The following assumes you are using a 1.5T or 3T closed bore MRI system for hydrogen proton MRI (i.e. the typical clinical MR imaging mode).
Do not use local transmit coils to image the chest, trunk, or shoulder region. That is, the body coil (inside the magnet bore covers) must be used for RF transmission of these areas with a receive only coil being placed over these particular areas of interest.
Scan the patient in Normal operating mode. There is no post-insertion waiting required, see risks assessments:
GenericRiskAssessmentForm_MRI_scanning_ILR_time
GenericRiskAssessmentForm_MRI_scanning_3T
GnericRiskAssessmentForm_MRI_scanning_ILR_under6weeks
Instruct the patient to inform the device specialist or doctor looking after their device and cardiac care of the date and time of the MRI scan at their next appointment. If no appointments are scheduled, there is no need to contact these health professionals.
How to make sure the ILR/ICM is not the AngelMed Guardian?
What is the AngelMed Guardian?
The AngelMed Guardian Implantable Medical Device (IMD) is an implantable programmable device that monitors the patient’s electrogram, vibrates to warn the patient of alarms and alerts, and stores electrogram signals and other data.
The AngelMed Guardian® System is available by prescription or order of a physician only in the USA as per website. The AngelMed Guardian has never being implanted in the UK, it is currently being implanted in the USA and some Asia-Pacific countries.
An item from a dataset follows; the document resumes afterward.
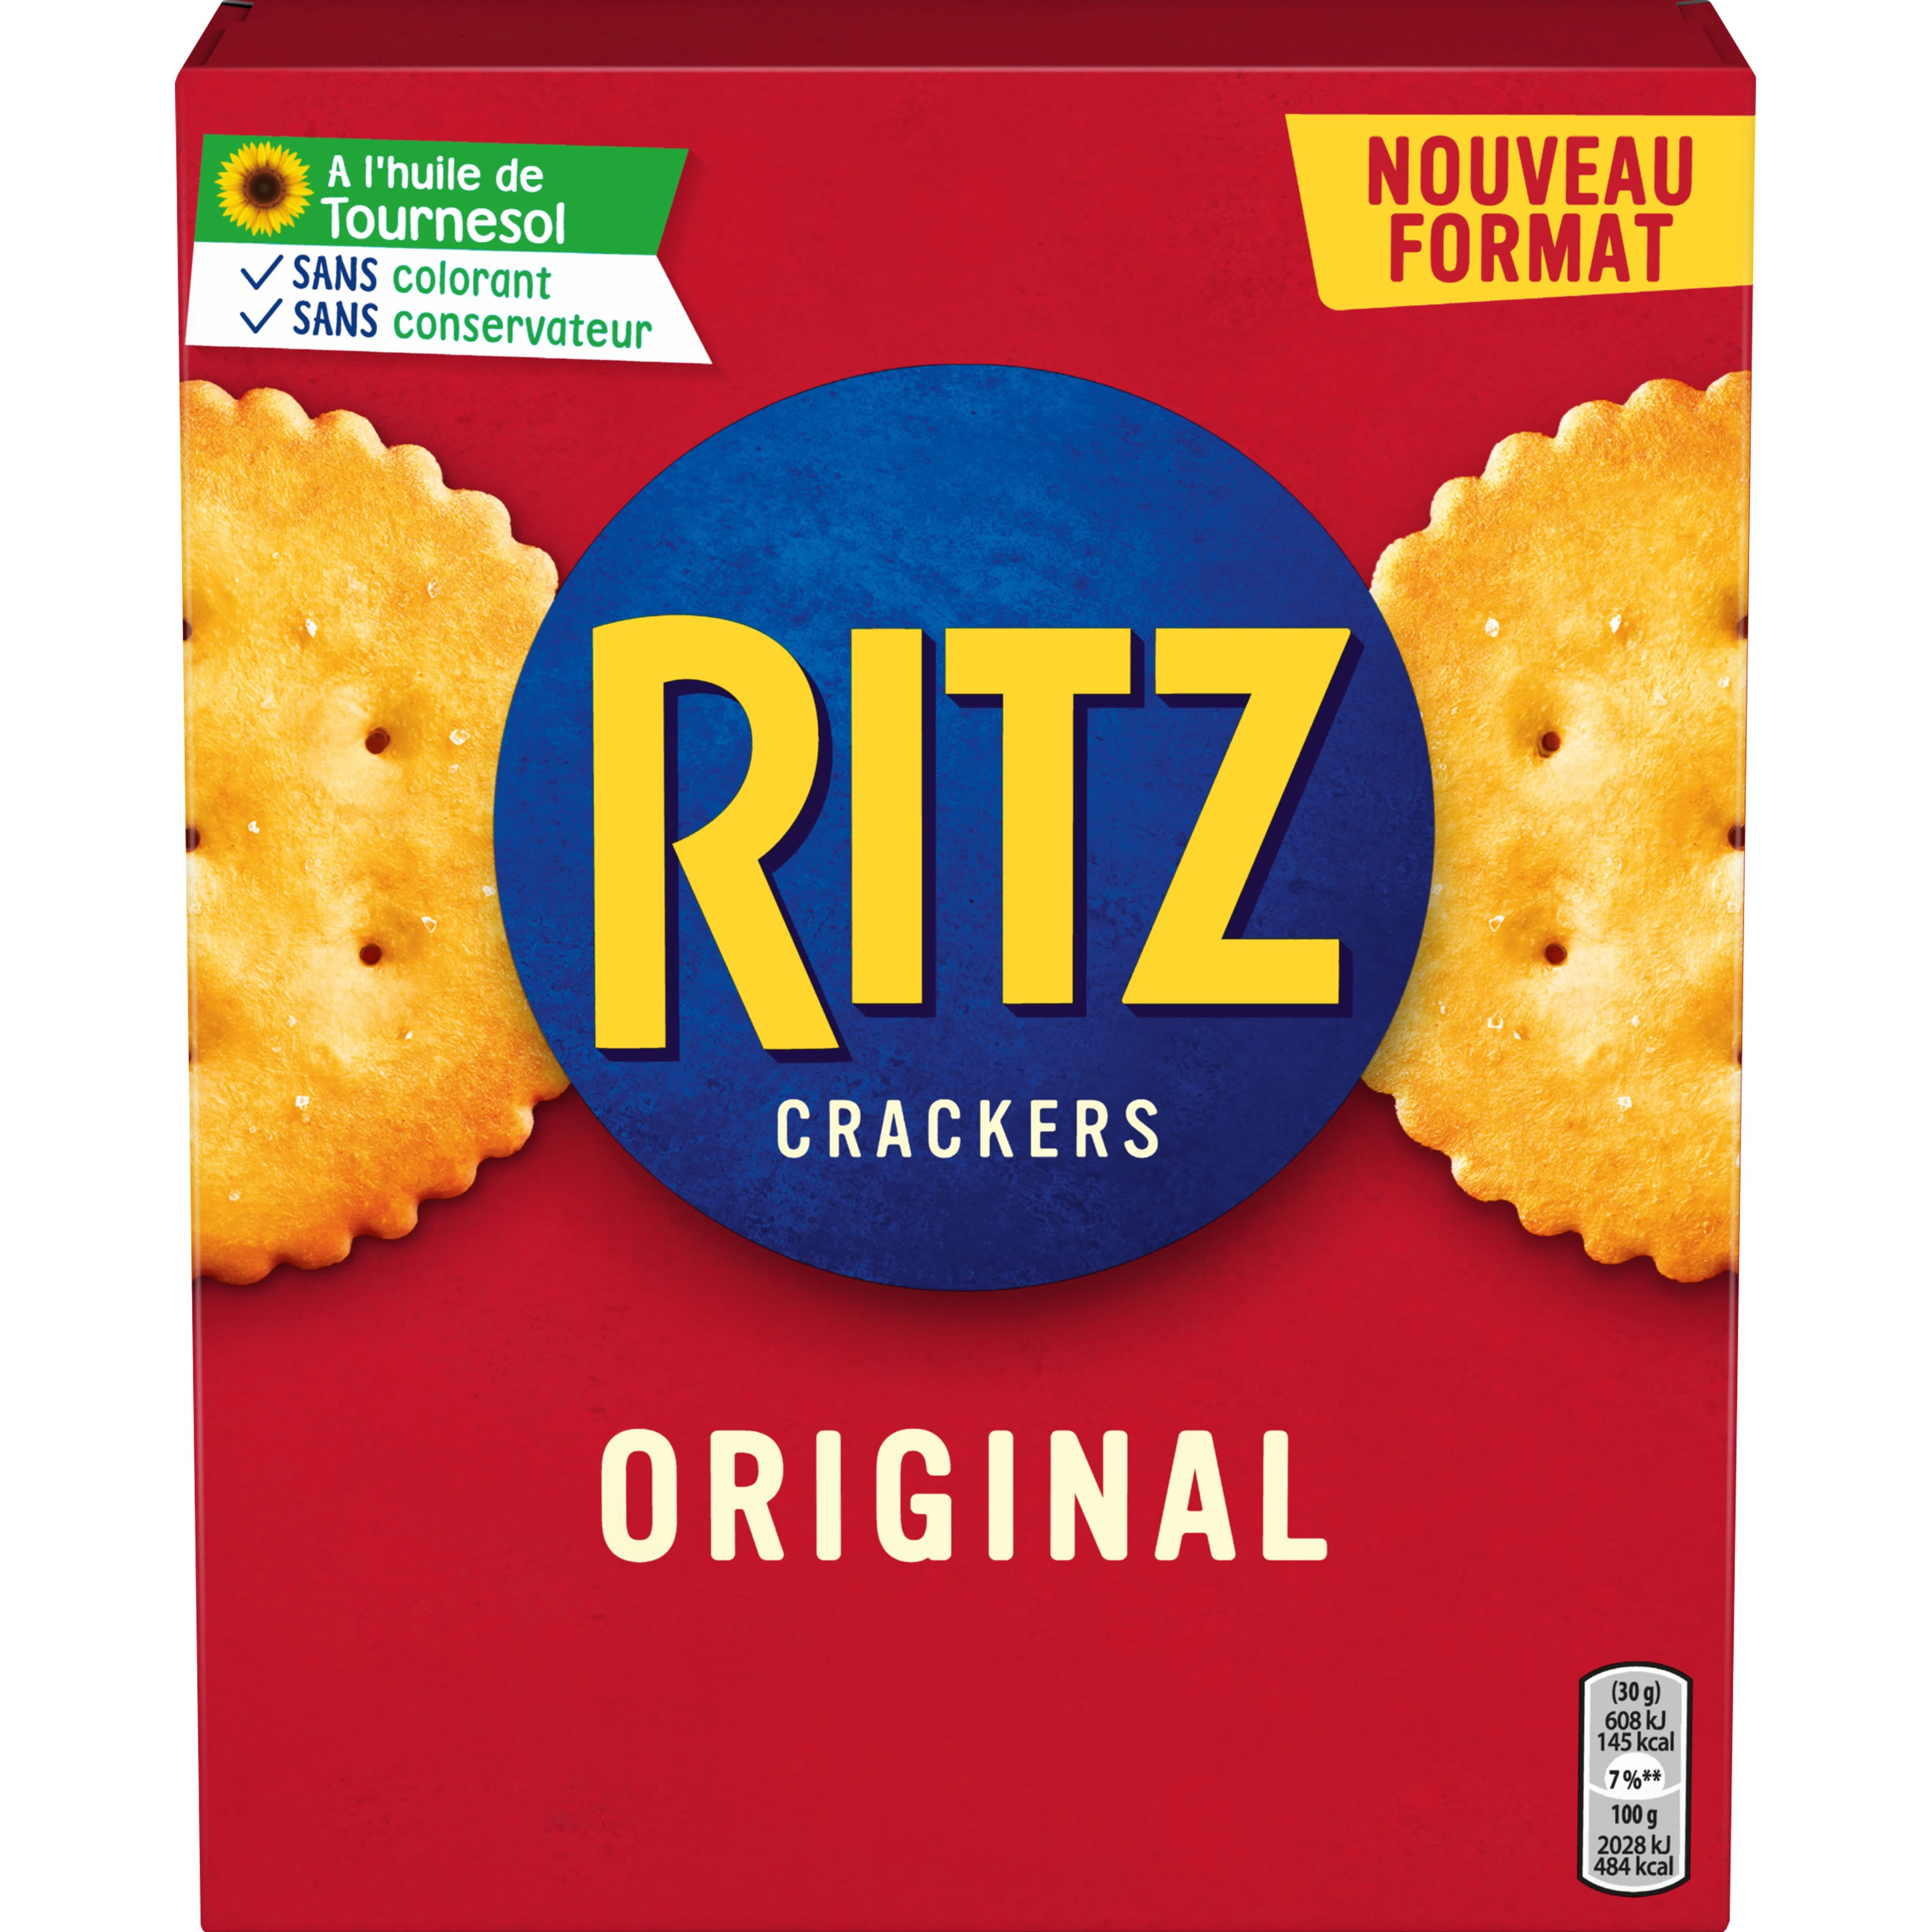 Crackers Originele Aperitiefkoekjes, 200g -  RITZ

As part of various trials, it was introduced and implanted in Brazil, details below.
How to identify this device in a patient?
This device is different shape than an ILR/ICM i.e. loop recorder. The AngelMed system has two components: an implantable device very similar to a single chamber pacemaker, and an external device that the patient carries on their person.
1.Has the patient have an External pager-like device, called EXD? Patient should have with them all the time.
Height: 2.8 in (70 mm)
Width: 2.2 in (55 mm)
Depth: 0.6 in (16 mm)
2. If chest x-ray available the AngelMed Guardian device has a radiopaque identifier AMSG3
AngelMed states “Do not have an MRI. An MRI creates a very powerful magnetic field that can damage your IMD and injure the tissue near your implanted lead”.
Where the device has been implanted, i.e. Trials?
Proof of Concept study (n=17) USA, Early 2000’s
First in-man Experience (n=76) USA and Brazil
A First-in-Man Study in Brazil (CARDIOSAVER) (n=20) Brazil and USA 2005
A US IDE Safety Study (DETECT) Phase I clinical feasibility study (USA) n=37, 2006
A Prospective Randomised Pivotal IDE Study (ALERTS), This is an international phase II, randomized,prospective. (n=907), 2014-2017.
Contact with company (13/07/2022), they do not implant (and have never implanted) the device in the UK. It is currently being implanted in the USA and some Asia-Pacific countries.